ふんどしの語源
「ふんどし」という言葉は江戸時代に普及したもののようです。それ以前は「たふさぎ」と呼ぶことが多かったらしく、古い文献ではたふさぎに「犢鼻褌」という漢字を当てています。
ふんどしの語源には諸説あります。私には語源について考察する能力はないので各種辞書や文献に載っているものを列挙しておきます。
ふんどしの語源
- 一、「踏み通し」がなまったものであるとする説。
- 二、馬や犬をつなぐ紐である「踏紐(ふもだし)」がなまったものであるとする説。
- 三.朝鮮語でふんどしを表す「褌衣」をhun-t-osと発音することから、朝鮮語から来ているという説。
- 四、「ほど(陰部)」にあたることから「ほどし」となり、さらに転音してふんどしになったとする説。
- 五、「糞土止」から来ているという説。
一般の辞書に採用されているのは一と二の説です。三の説ですが、朝鮮語には「フントス」などという言葉はないという人もいて、良くわかりません。

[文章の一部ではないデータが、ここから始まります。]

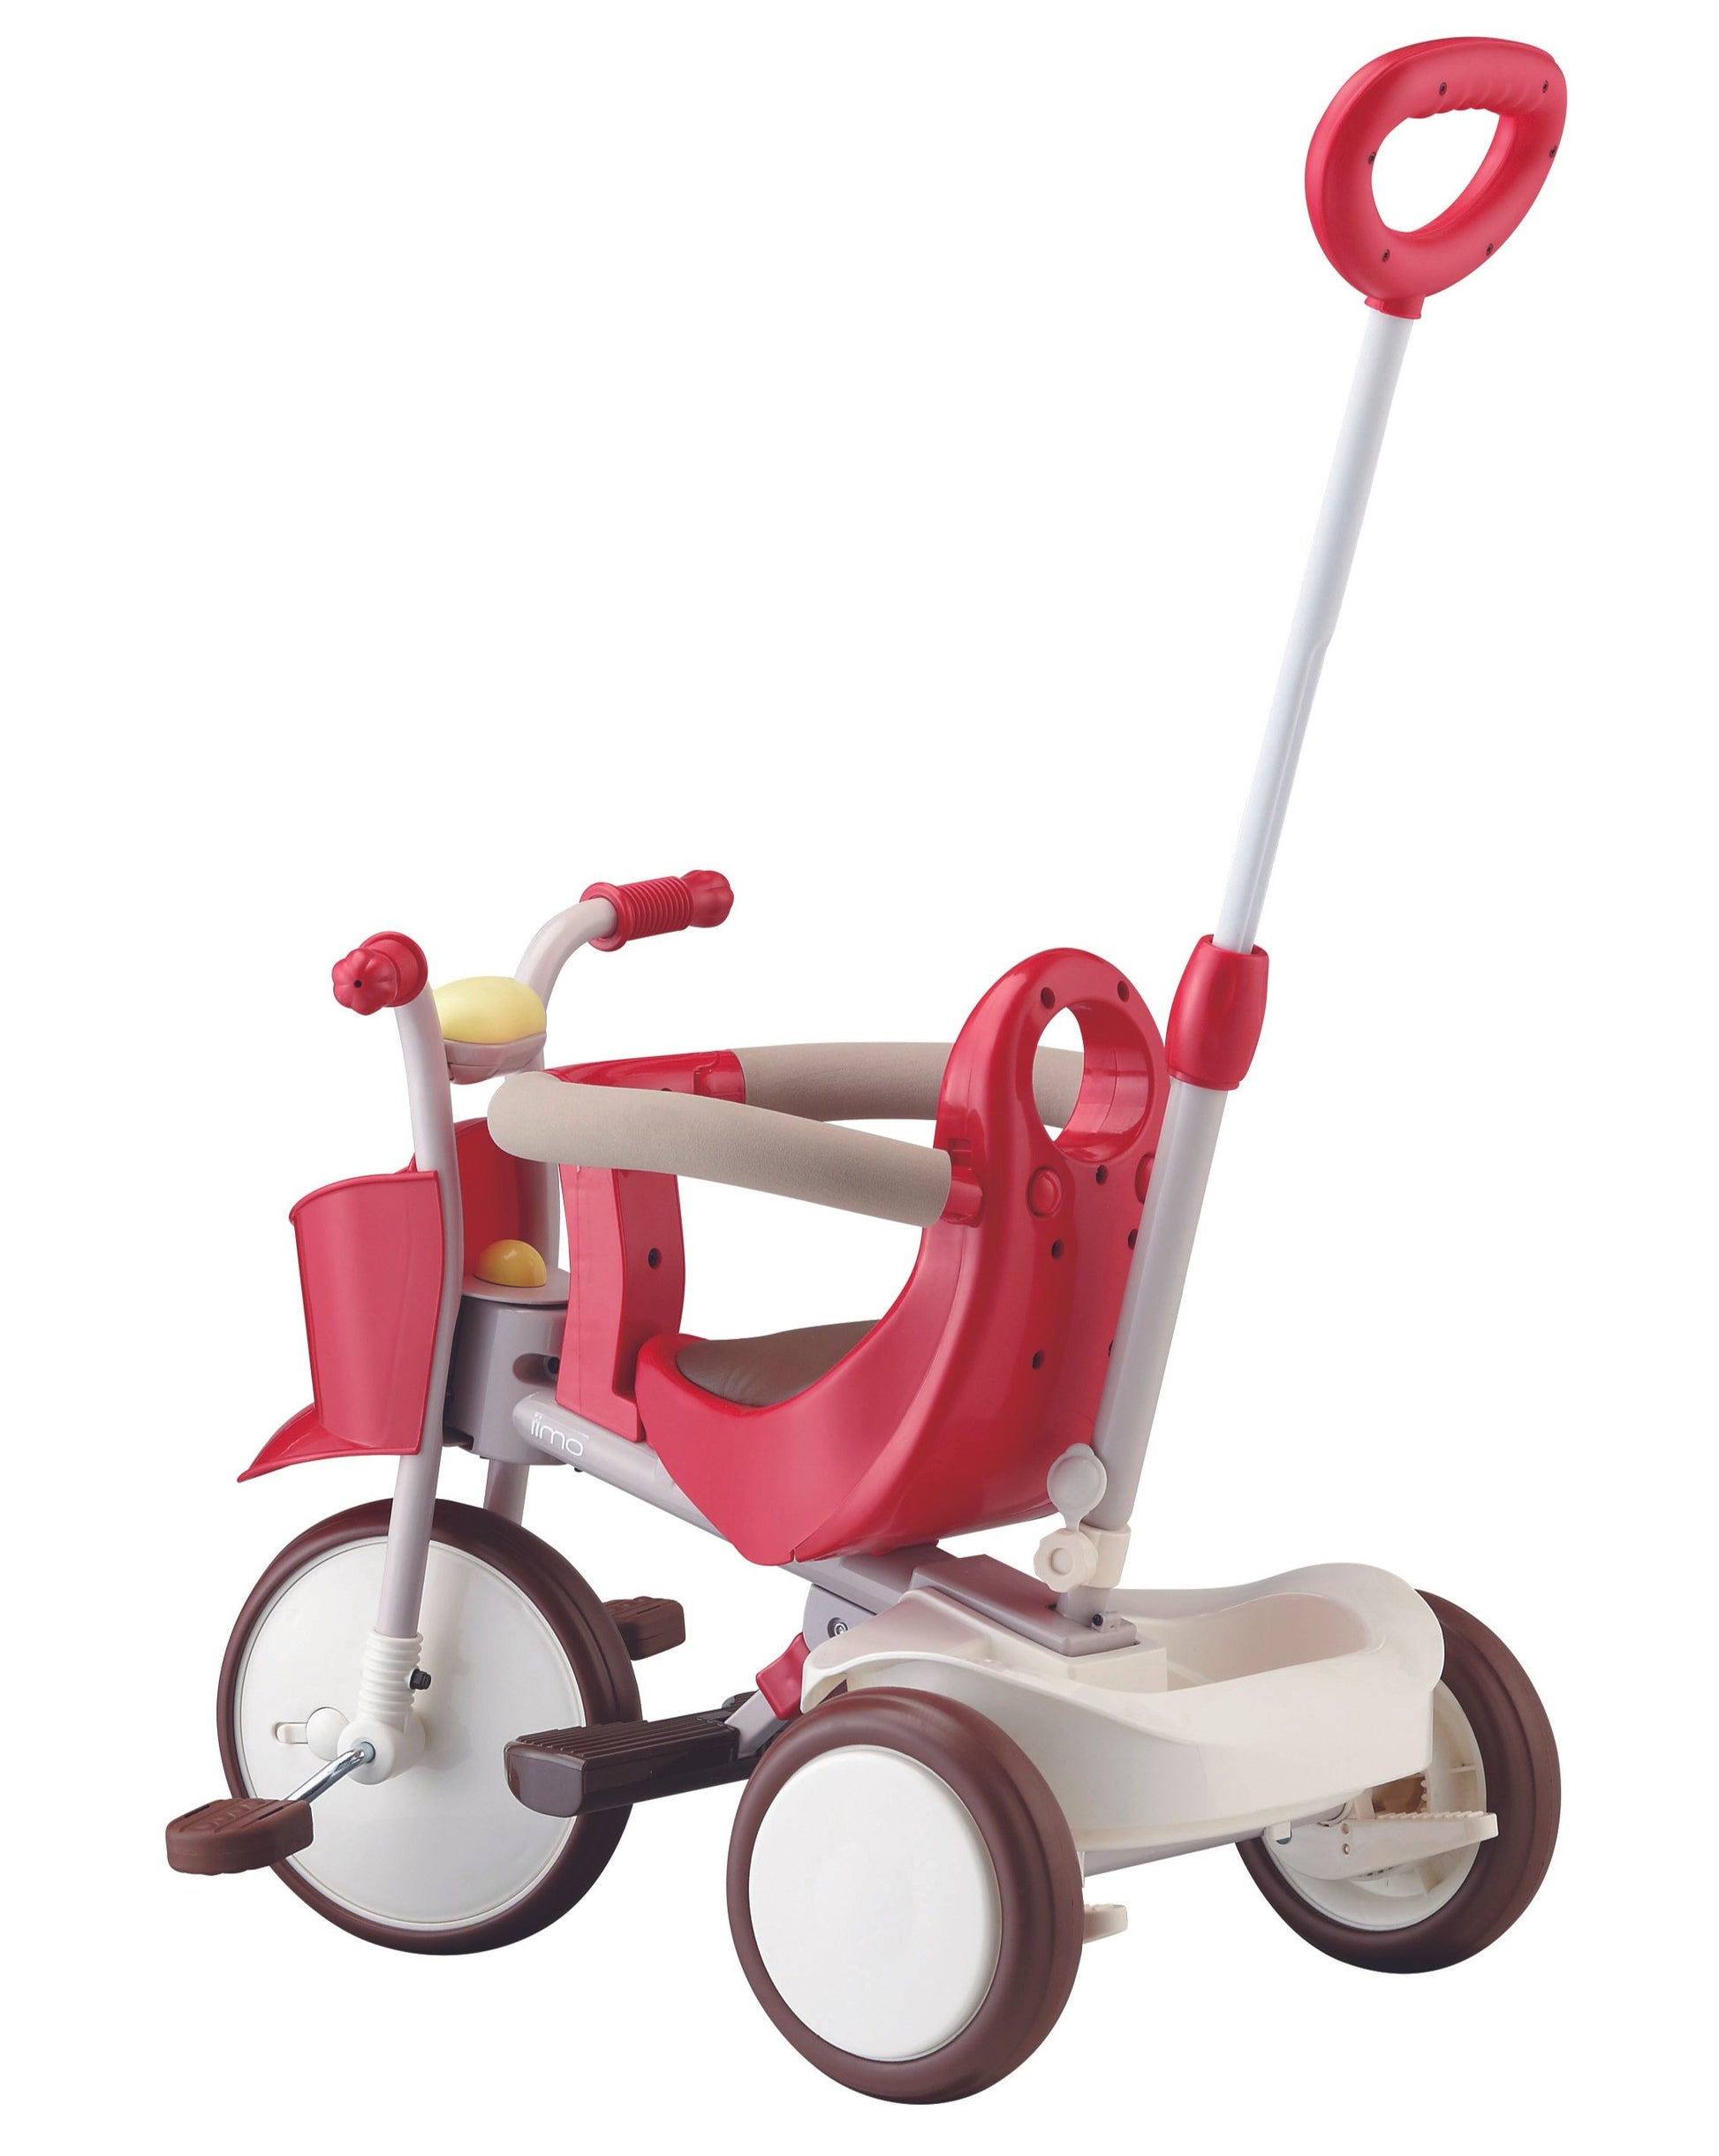 IIMO-Tricycle-Vital Red 1
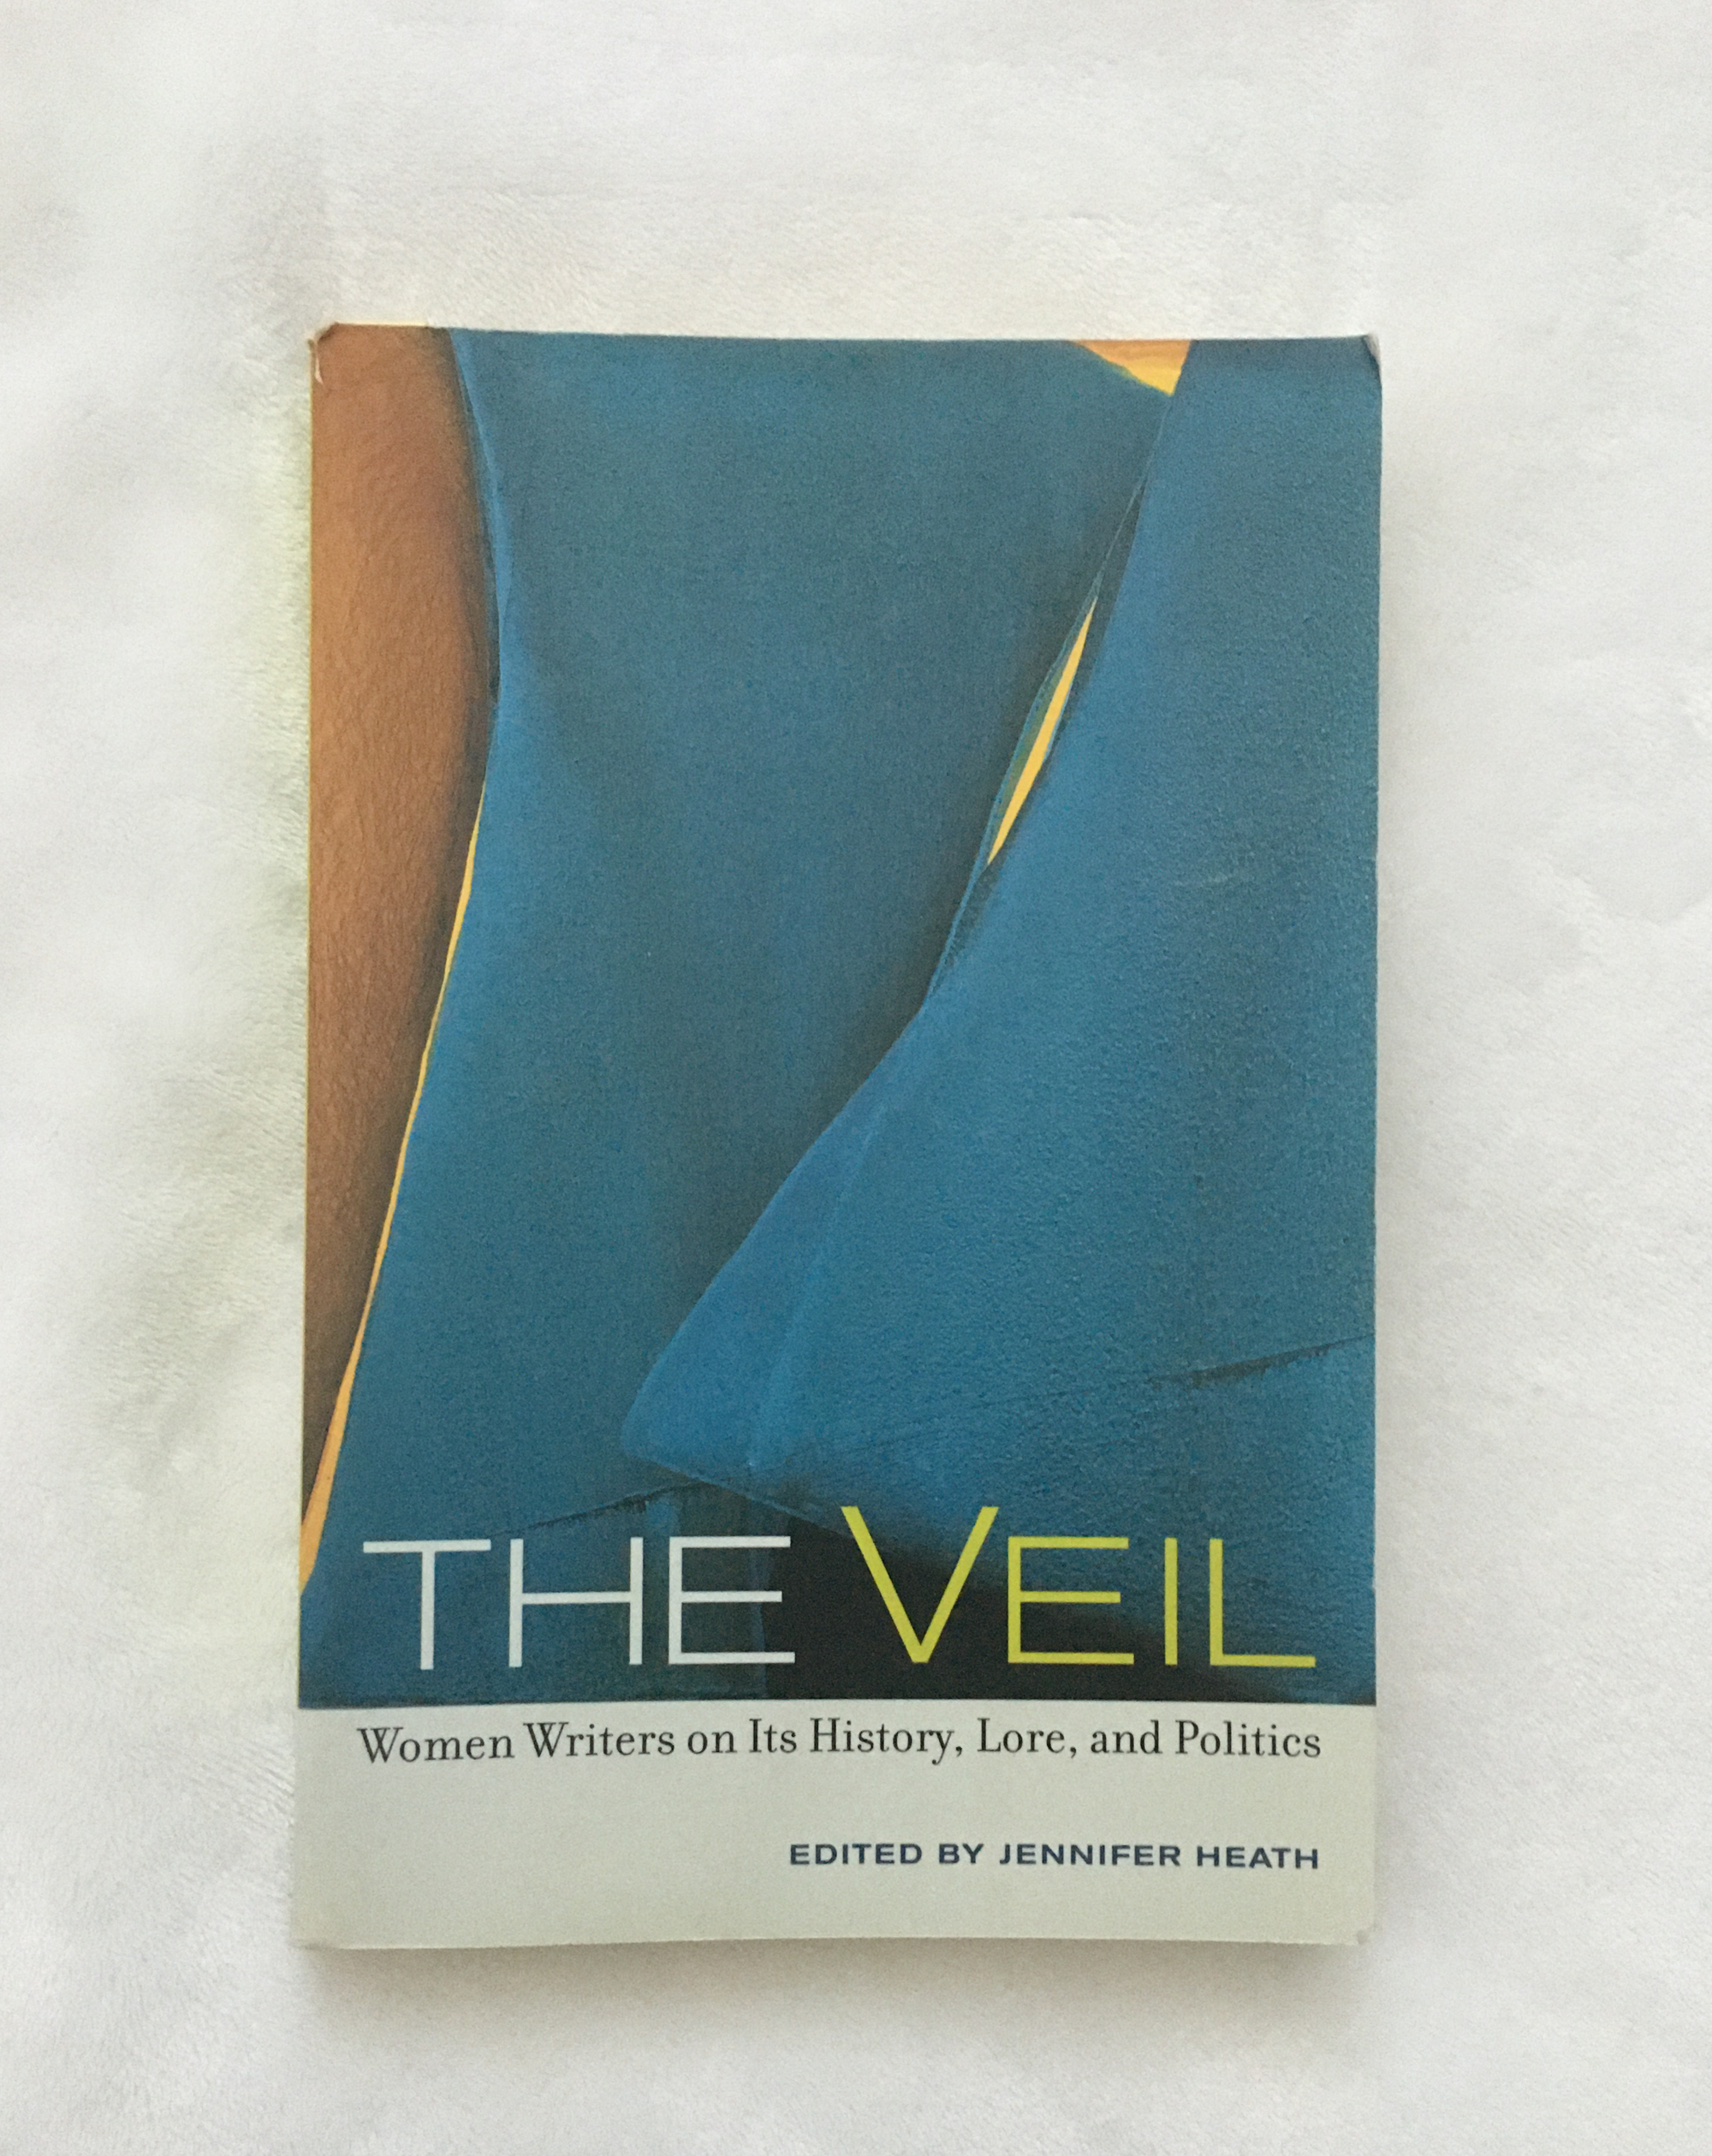 The Veil: Women Writers on its History, Lore, and Politics edited by by Jennifer Heath, book, Ten Dollar Books, Ten Dollar Books

朝鮮語に詳しい方がいらっしゃったらご教示願います。五、はまあ半分冗談の当て字でしょう。
犢鼻褌の語源
犢鼻褌(とくびこん)の「犢」の字は子牛を意味します。ふんどしを締めた股間のふくらみが子牛の鼻にていているから、というのが犢鼻褌の由来です。
支那から伝わった犢鼻褌という漢字に日本人は「たふさぎ」というやまとことばを当てました。「たふさぎ」については後述します。
褌という漢字について
では、犢鼻褌の「褌」という漢字の字本来の意味はどうなのでしょう。「軍」は会意文字で、車でまるく取り囲んでいる状態を表します。そこから派生して、「軍」には二つの意味があります。一つは「陣地」「軍隊」「兵隊」の意味で、もう一つは「めぐらす」あるいは「まるくなる」という意味です。「運(はこぶ、めぐらす)」「渾(まるいかたまり)」という場合は後者です。「褌」は衣扁に「軍」と書きますが、軍隊の方の意味ではなく布でまるく取り囲むことを表しています。
たふさぎの語源
褌の別称として「たふさぎ」があります。たふさぎの語源にも諸説があります。
- 一、 陰部を手で隠したことから、「手塞ぎ」となりこれから転じた。
- 四、 腰から布を下げたことから「太布(たふ)下げ」と呼び、これがなまった。「たふ」とは樹皮から作った布の古い言い方。
越中褌の語源
越中とは現在の富山県付近を指す言葉ですが、そこが越中褌発祥の地であるというわけではなさそうです。
- 一、 江戸時代の延宝年間、越中という遊女がおり、客に自分の縮緬の腰巻を割いて。客の褌としたことに因む。
- 二、 上州の秋元越中守が利根川の河川工事に従事する人夫に着けさせたのが始まりであるとの説。
- 三、天明・寛政年間に松平越中守が、倹約のため六尺褌より布が少なくて済む越中褌を奨励したことが由来であるとする説。